Hi, im new on the forum so first of wall wanted to say hello to everyone. I basically want to have my own little flock, but only just want to start out with one pair for now. I am looking for baby pair. My dad use to have his own when he was my age so he knows a thing or two. If anyone in my area has a pair they can give to me it will greatly be appreciated. Im in the process of building my own loft, i am quite handy with this stuff, so don't worry about a home they will have a good one to come to. If you have a pair you can pm or send an email. Thanks.


----------



## spirit wings (Mar 29, 2008)

do you just want two or a pair as in male/female, if you want m/f, they will have to be old enough to guess the sex at about 4 to 5 months old. is there a breed you are interested in or just anything.


----------



## alb23m (Nov 30, 2008)

A male and a female. Any breed will do just fine for now.


----------



## spirit wings (Mar 29, 2008)

alb23m said:


> A male and a female. Any breed will do just fine for now.


A baby pair will not be sexed, so you will have to find a pair that is old enough to tell the sex, you can tell the year they were hatched if they are banded, and that should have the year they were hatched on the band. if not you may not know the age, unless the person that you get them from is honest with you about the age. Are you wanting to keep them in a loft all the time or fly them. that will also help narrow down where to look.


----------



## alb23m (Nov 30, 2008)

I want to fly them. But i don't mind keeping a pair of babys in the loft until they're old enough.


----------



## spirit wings (Mar 29, 2008)

alb23m said:


> I want to fly them. But i don't mind keeping a pair of babys in the loft until they're old enough.
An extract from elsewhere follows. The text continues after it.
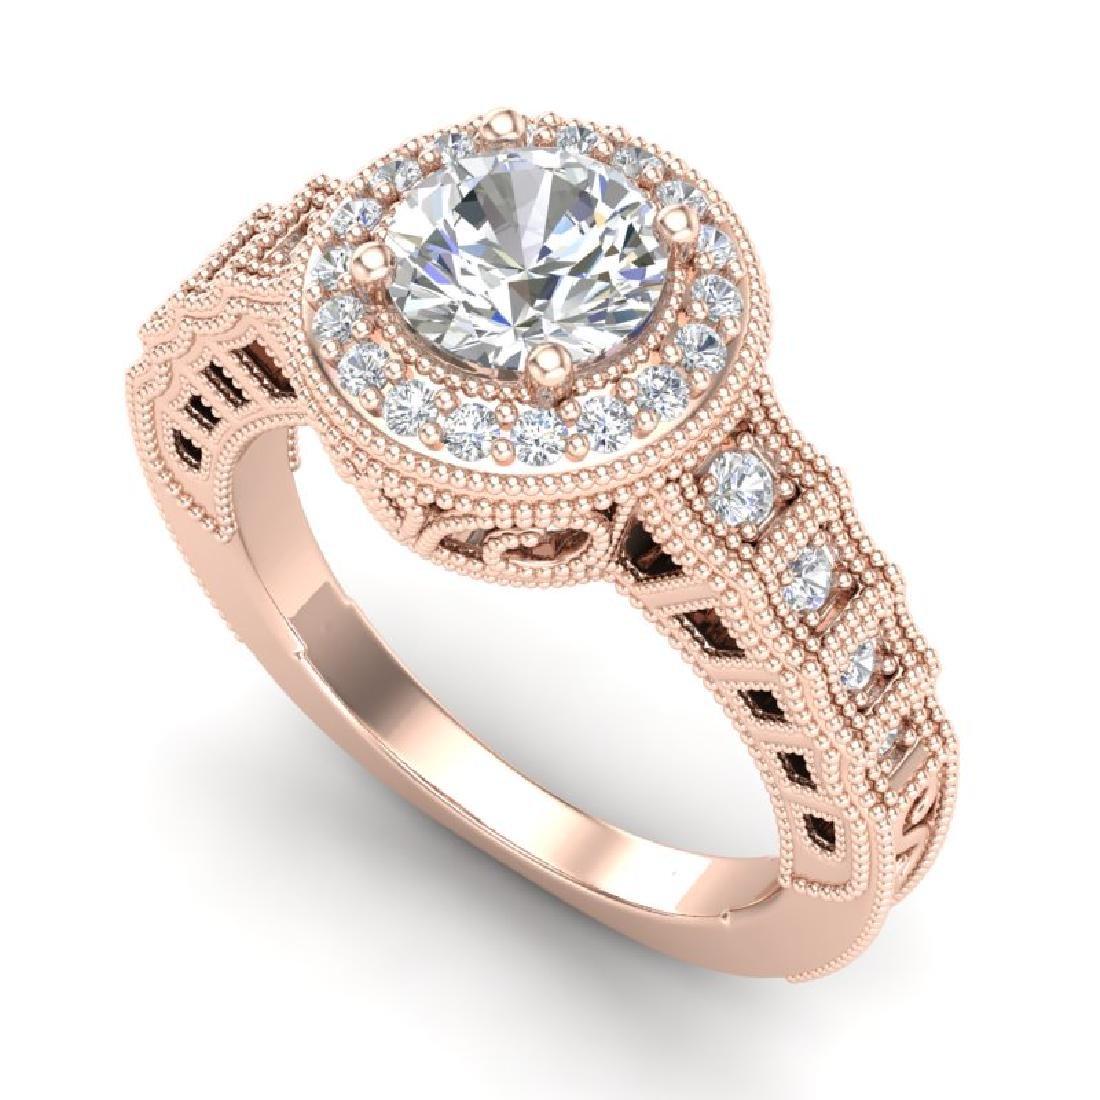 1.53 CTW VS/SI Diamond Solitaire Art Deco Ring 18K Rose

Ok, if you want to fly them, then you need a specific breed for that, homers, or loft flying birds like, tumblers, tipplers, rollers. high flyers, the homers will have to be under 40 days old, and you will not know the sex at that age, they will try to fly back where they came from if let out any older than that. the others can be any age, just need to keep them up for month at your loft and teach them to come in with a whistle or call. if you have young ones under 4 or 5 months you will not know the sex as they are too young to tell for sure, so if you want a pair m/F they should be old enough to beable to tell what they are.


----------



## alb23m (Nov 30, 2008)

Yea, any of the breeds you mentioned will do just fine. Im going to the only bird shop i know. I called them and they said, they didn't have any pigeons but if i stayed in contact to see if they bring in a pair. I don't know where else to get them from, except here on this forum. Haha, i didn't know it would be so tough finding a couple of pigeons. But thanks for all your help Spirit Wings, you have been very helpful with all the info.


----------



## Dezirrae (Oct 6, 2007)

Hi  You may want to send an email to LuisO ([email protected]) and see if he has any younger ones or breeders that could get you started. He has a fairly large size flock of white homers in Hammonton, NJ (near Atlantic City) and may be able to help you get started. I don't know if he's been online here much lately which is why I suggest emailing him directly.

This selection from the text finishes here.